Geçmiş fotoğraflarınıza bakarken, bugüne gelmenize ne ve kimler yardımcı oldu, onları fark edin. Onların sizinle ilgili düşünceleri neydi? Bu insanlar arasında size rol model olabilecek var mı? Hatta hayatınızda bu konuda kendinize örnek alabileceğiniz rol modeller var mı? Varsa ulaşmaktan çekinmeyin. Çocukluğunuzdan bu yana karakterinizde hoşunuza giden şeyler neler? Bunları neden sevdiğinizi değerlendirin. Sizi bugüne getiren azim, kararlılık, dürtü, enerji neydi, bunları anlayın. Özetle bu konudaki perspektifinizi bilinçsiz önyargılarla da savaşarak tamamen değiştirin…

Unutmayın kadınlar yüzyıllar boyunca hep susturuldu, hep bastırıldı. Hala çağımızda hak ettikleri yerlerde erkeklerle aynı koşullarda güç sahibi olamıyorlar. Ancak unutmayın, dünyanın daha çok kadın önderlere ihtiyacı var. Bu liderlik öncelikle kadının kadına olan yardımı ve değişimin bir parçası olmasıyla mümkün.
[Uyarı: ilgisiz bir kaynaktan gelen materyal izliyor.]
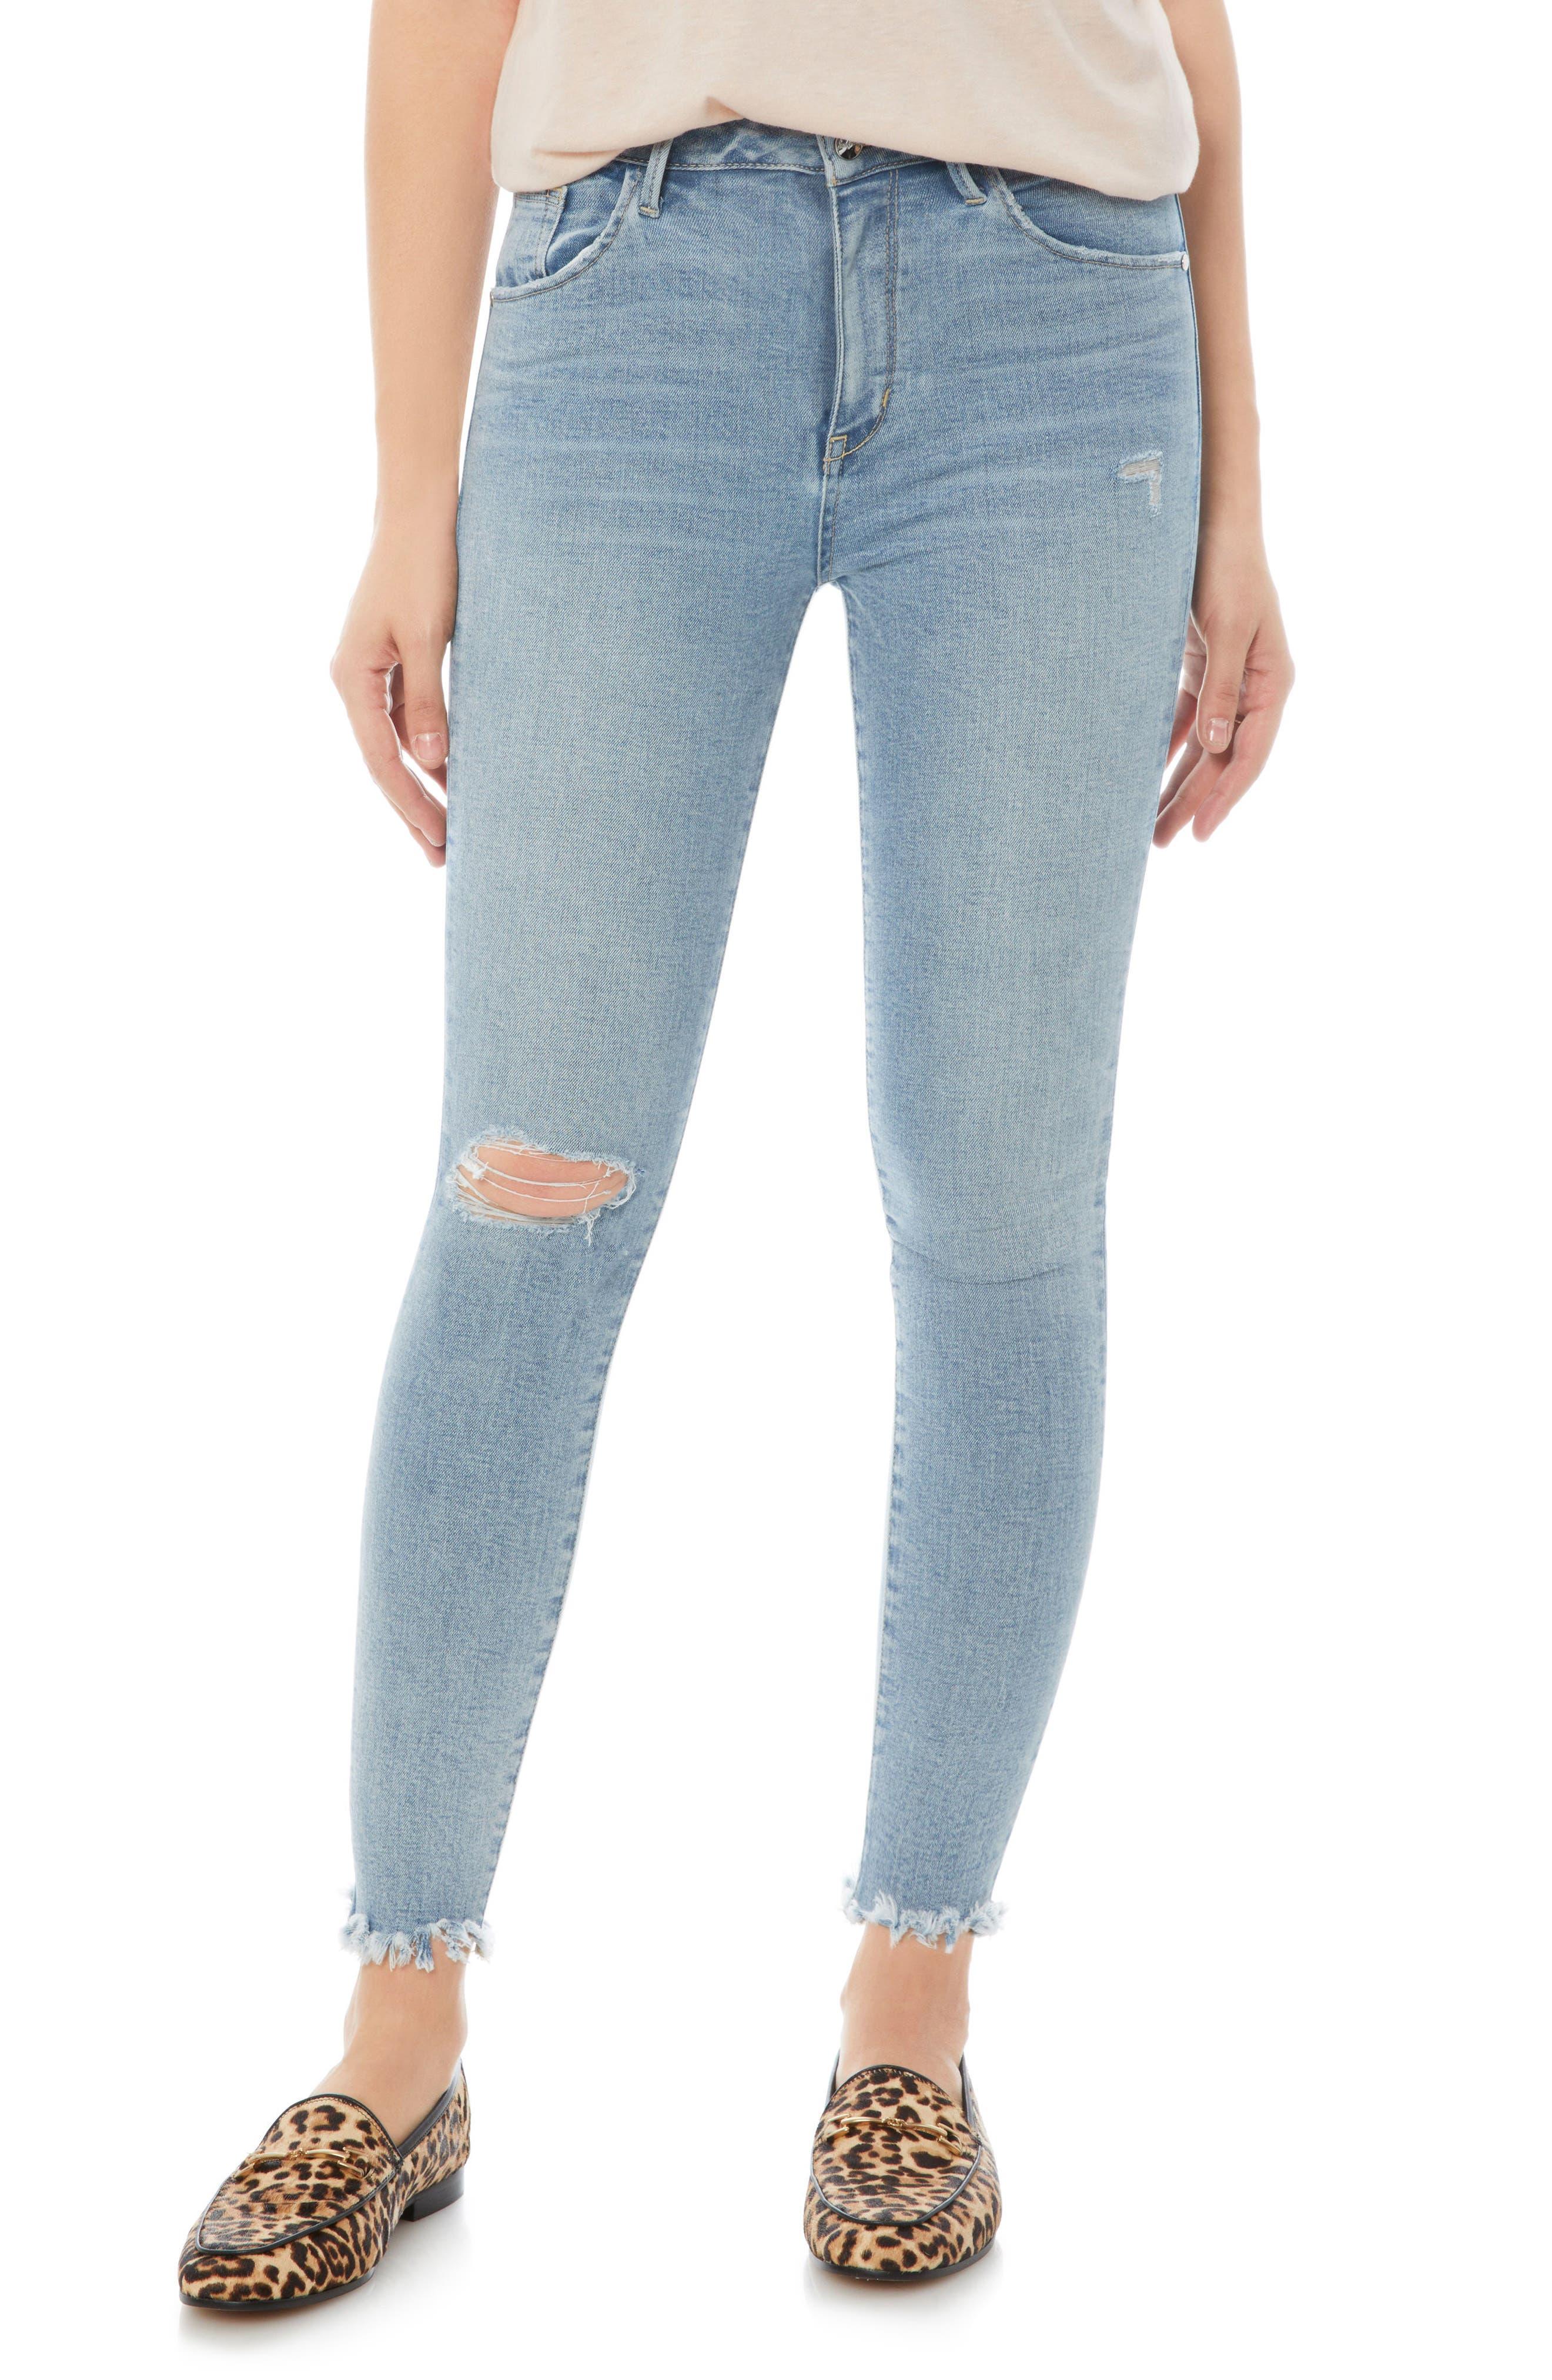 Alternate Image 1 Selected - Sam Edelman The Stiletto Ripped Fringe Jeans (Honor)

Bu yazıyı 2013 yılında İstanbul-Balıkesir yolculuğunda kazandığım kız kardeşim A.Y.’ye ne kadar başarılı bir kadın olduğunu ve hayatta her şeyin üstesinden gelebileceğini hatırlatarak bitirmek istiyorum.

İlginizi çekebilir: Senin hikayen ne: Kendi hikayenizi anlatırken nelere dikkat etmelisiniz?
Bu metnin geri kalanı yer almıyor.